# Food agressive



## Kittilicious (Sep 25, 2011)

I think I've seen it on here as guarding?

There was a small discussion about this in my intro thread... my 5 yr old female golden retriever has been WONDERFUL with our new GSD puppy (6 1/2 wks - had him since he was 5 wks). She is sharing her toys with Knuckles and even sharing her "favorite" toy, a stuffed pheasant. (we didn't expect her to, but she lets him chew on it while she's chewing on it!) She lets him chew on her lips, her ears, her legs, her tail. She play bites with him and is so gentle it's actually comical considering how big she doesn't know he's going to get. 

But then we get to the food bowl. I have gotten Knuckles his own bowl, but she still gives, what we call, the "Elvis look" when he gets near her when she's eating. And for those of you who remember my intro thread, I have since stopped free feeding because of this, but what ends up happening is Saki just eats when Knuckles is sleeping.

I know the simple solution is to feed them separately, but I am hoping there is something I can do to get Saki to knock it off. I've even tried feeding her out of my hand, in the bowl, while Knuckles is eating and praising the heck out of her for eating nice... but as soon as my hand is out of the bowl the lip comes up. And yes, she will snap at him if I don't stop her. 

I feel like I'm telling her to NOT EAT instead of not doing the lip thing. She backs off of the food bowl all together when I tell her no. 

I have NEVER had a dog do this before and I've had quite a few dogs in the past. They have always just eaten, free fed, out of the same bowl with no issues whatsoever.
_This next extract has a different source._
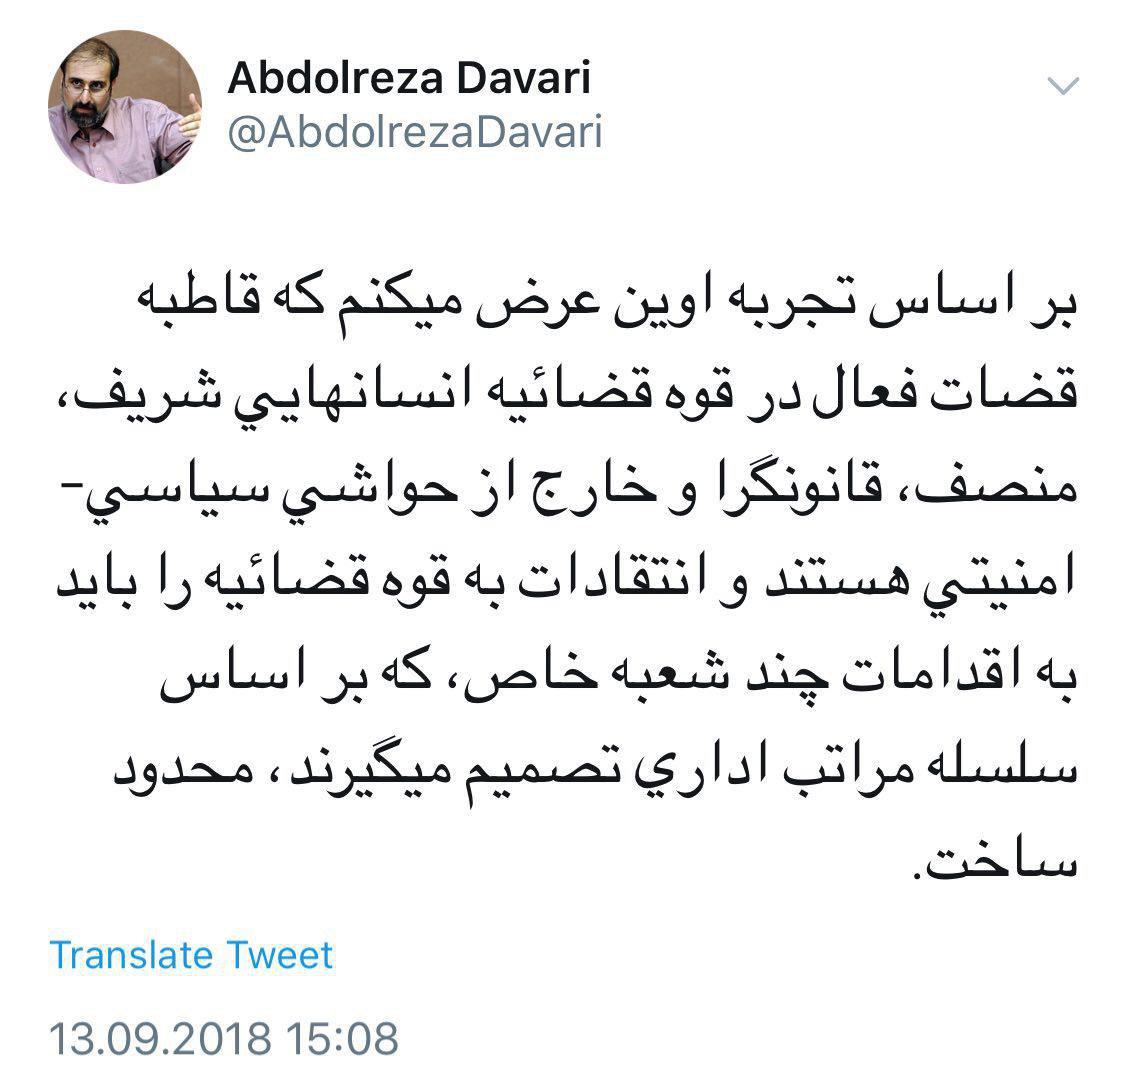 عبدالرضا داوری (از نزدیکان احمدینژاد): براساس تجربه اوين عرض ميكنم

Whats even more puzzling is that Saki came to us as a puppy and we had an adult Pomeranian which we got rid of a year ago and she had no problem sharing food with him. She doesn't like to share her toys (guarding?) with other dogs, either, which is why we were surprised with her sharing toys with Knuckles. 
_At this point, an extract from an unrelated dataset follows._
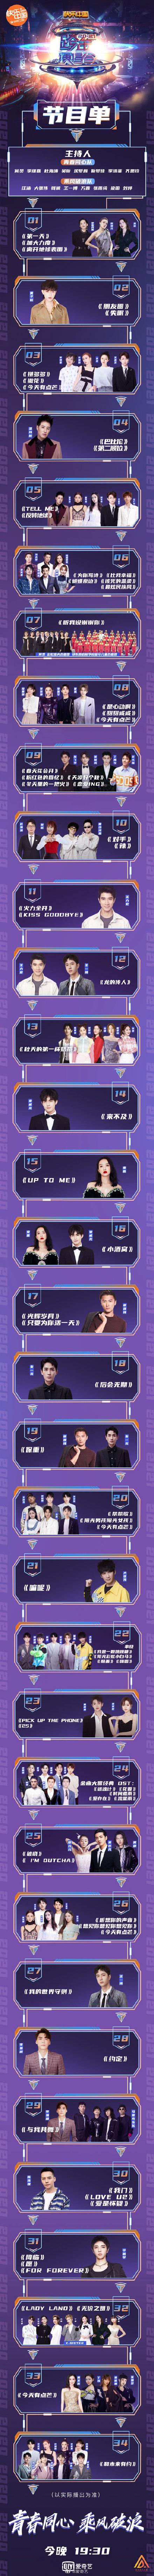 2021湖南卫视跨年演唱会节目单 湖南卫视跨年节目单完整版

Any ideas how to get her to stop this behavior? I just don't want her snapping at him during feedings if he gets too close to her.


----------



## Cassidy's Mom (Mar 30, 2003)

Manage the situation. No free feeding, which you've already done. Separate bowls, which you've already done. Feed the puppy in his crate so she doesn't have to worry about him getting in her face while she eats and feel the need to guard her food from him. Or, if they will each stay in their own bowls with you right there, you can put the bowls on the floor 5 or 10 feet apart and then stand between them so there's no leaving of bowls to go check out what the other dog is getting. Stay there until both dogs are done and then pick the bowls up.

We feed in the garage and I've got a chain link pen in there - if I close the gate with one in the pen and one outside the pen everyone gets to eat in peace and I can control how much food each dog gets.


----------



## msvette2u (Mar 20, 2006)

She knows if she does not keep on top of it now, he'll be bigger than her (quite possibly) and won't stop later and she'll lose. She's doing what comes naturally.
Please intervene, and DO NOT Let him close to her bowl so she stops stressing. 
Food and feeding time should not be a constant source of stress, especially as she approaches her "golden years" (no pun intended).
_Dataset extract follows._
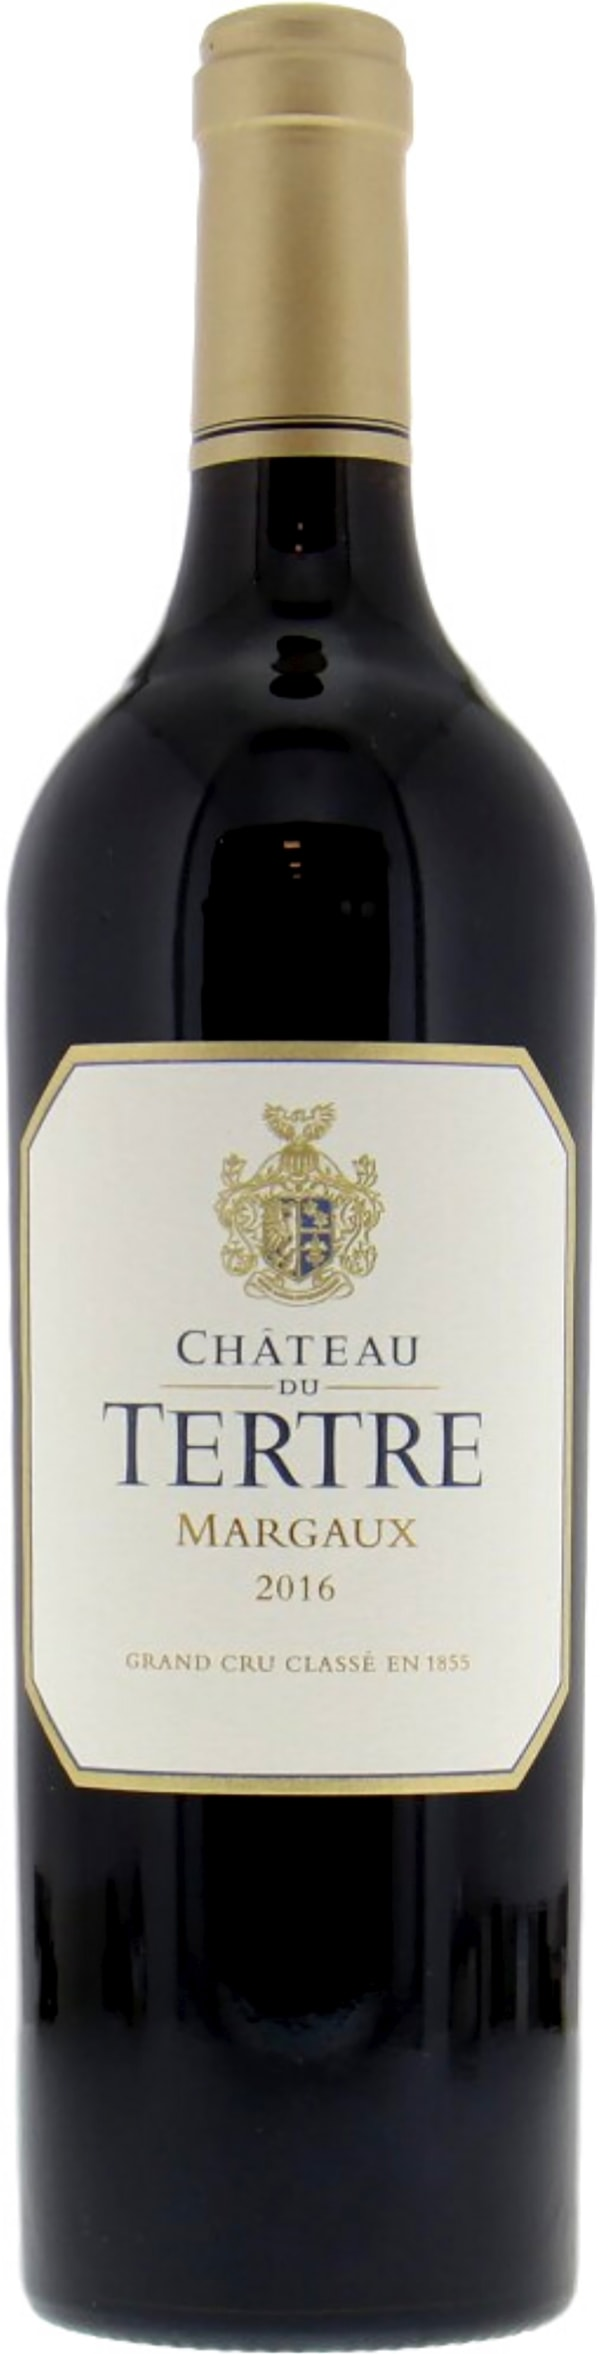 Château du Tertre 2016

It's your job to keep him away, she's enforcing it because you're apparently still letting him close to her. 

I might add, we have a rescue and between all the dogs, we feed over 15 per day, AM and PM. In all that time, we never ever feed anyone alongside others, we take it for granted there _will_ be resource guarding. It's quite instinctive because if they didn't guard what they have, they will lose it, and (in their minds) starve to death.


----------



## chelle (Feb 1, 2009)

I agree, I wouldn't really bother with trying to get them to eat together. Just feed them seperate and don't deal with that stress.


----------



## Kittilicious (Sep 25, 2011)

So you all think there is no way to break this?


----------



## Kittilicious (Sep 25, 2011)

And as I typed that out, Saki was drinking water, Knuckles walked up and stuck his nose in the bowl and they both were drinking water at the same time. 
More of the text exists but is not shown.